Page MenuHomePhabricator

Have a way to monitor the crash rate and alert for sharp increases
Closed, DeclinedPublic

Description

Follow-up from the unmarshalling crash incident: T144990: [CRASH] Content Service shouldn't send empty objects

We should find a way to monitor crash spikes so that we don't have a situation like T144940 where the outage goes on for hours before we hear about it. Unless I'm missing something, HockeyApp doesn't offer anything like this; the most it will do is email crash reports as they come in.

I can imagine standing up a simple service, maybe in tool labs, that would receive crash events at the same time as they're sent to HockeyApp and alert us however we want if the rate increases above a certain threshold.

Other ideas?

Event Timeline

I think Grafana provides email alerts. If T117378 is implemented, this would be easy.

Hi @Mholloway @Dbrant @Niedzielski ,

Have you tried exploring Crashlytics yet?

We've been using it in our codebase (>50 modules and around 0.13 million users) for more than 2 years now and it has been really helpful. Comes at zero cost and provides a lot of features such as alerts, attaching a good amount of useful information with each crash (or even non-fatal errors) and offering various other crash insights.

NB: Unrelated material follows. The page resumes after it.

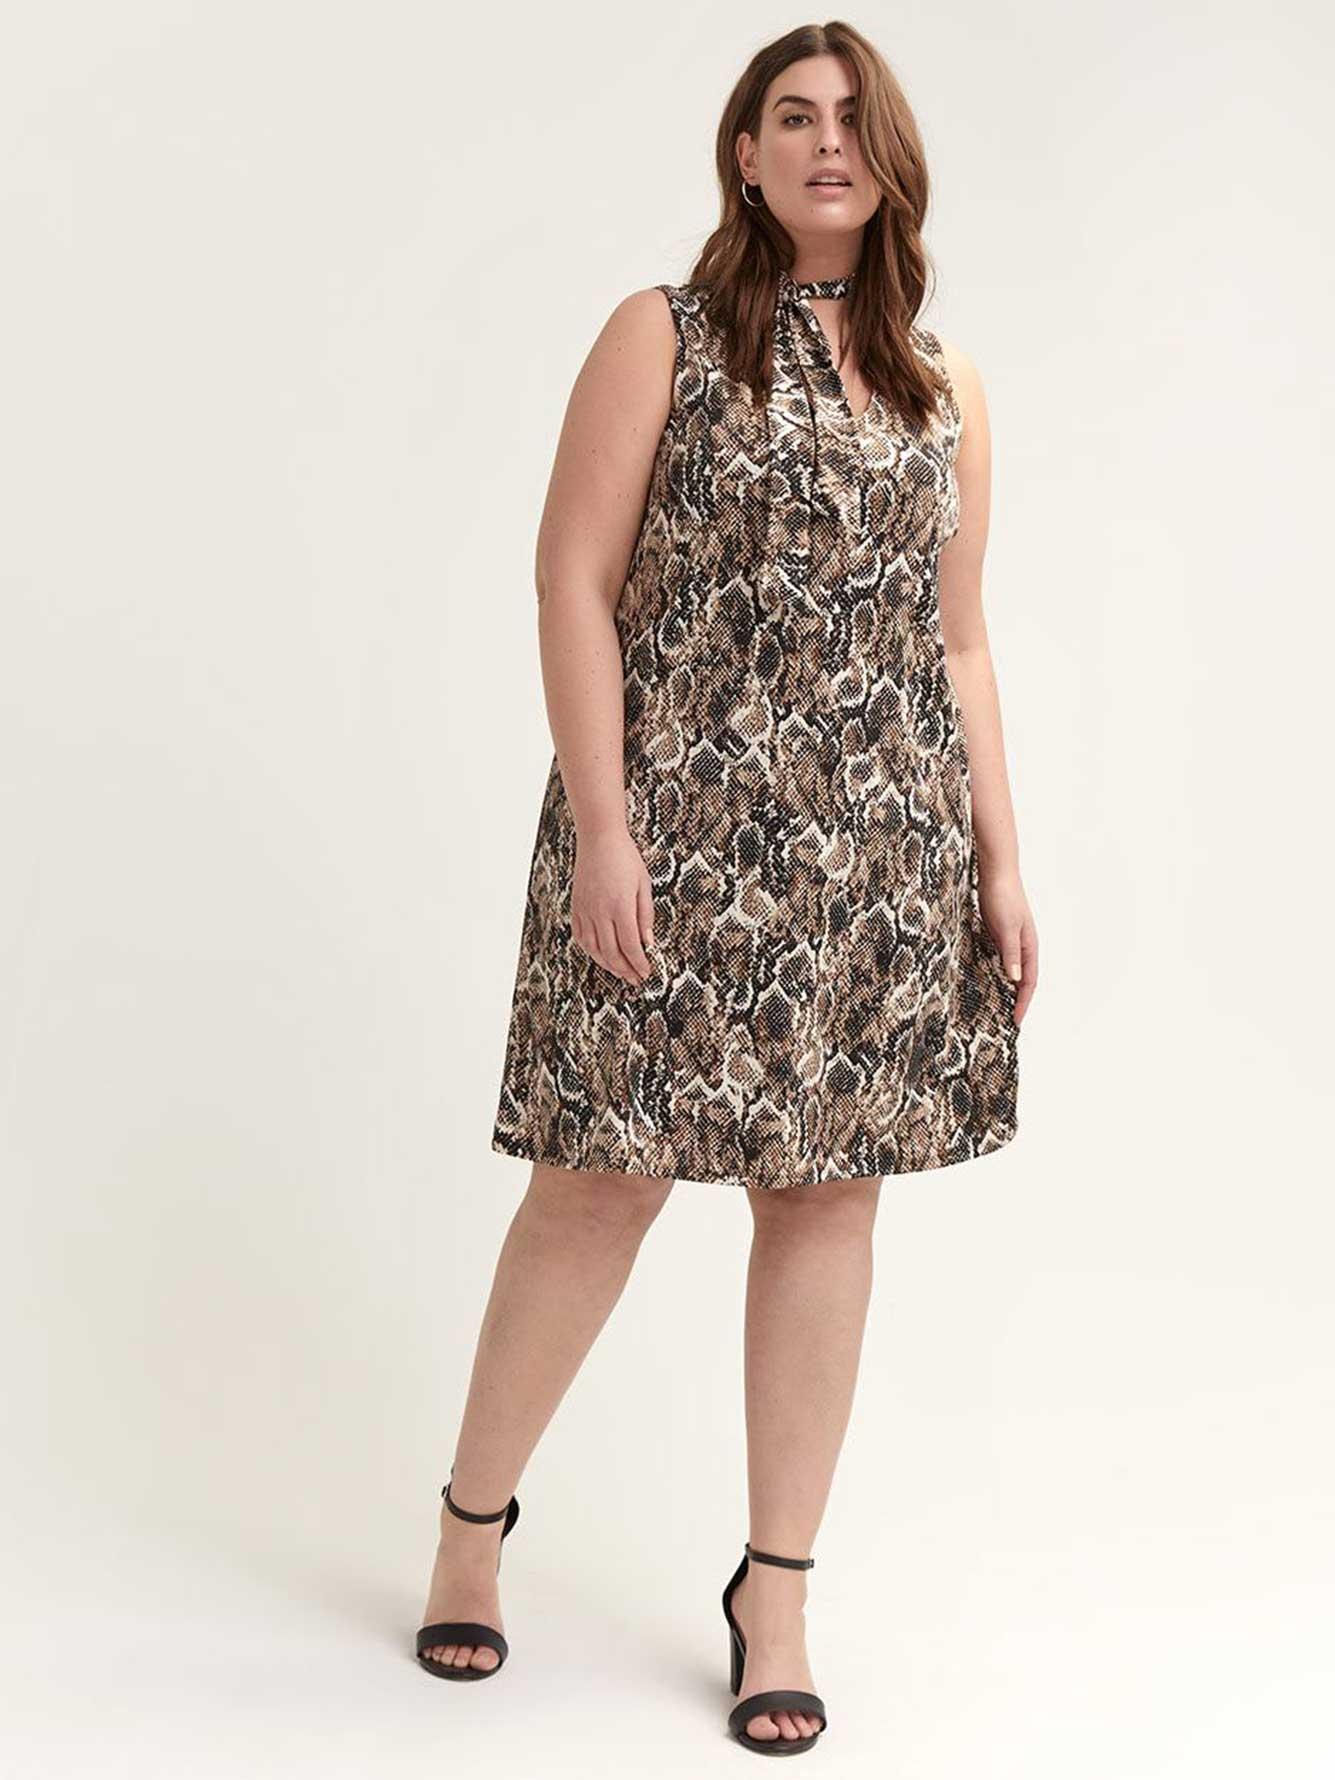 Snake Print Dress with Bow at Neckline - L&L   Penningtons

If you guys like it, I am ready to volunteer for integrating it in the current android app :)

Thanks, but HockeyApp has been perfectly adequate so far (aside from spike alerts). Switching to another provider for crash logging would necessitate a legal/privacy review, for which we currently don't have the bandwidth or necessity. As for general analytics, we prefer (and are basically required to) keep them in-house.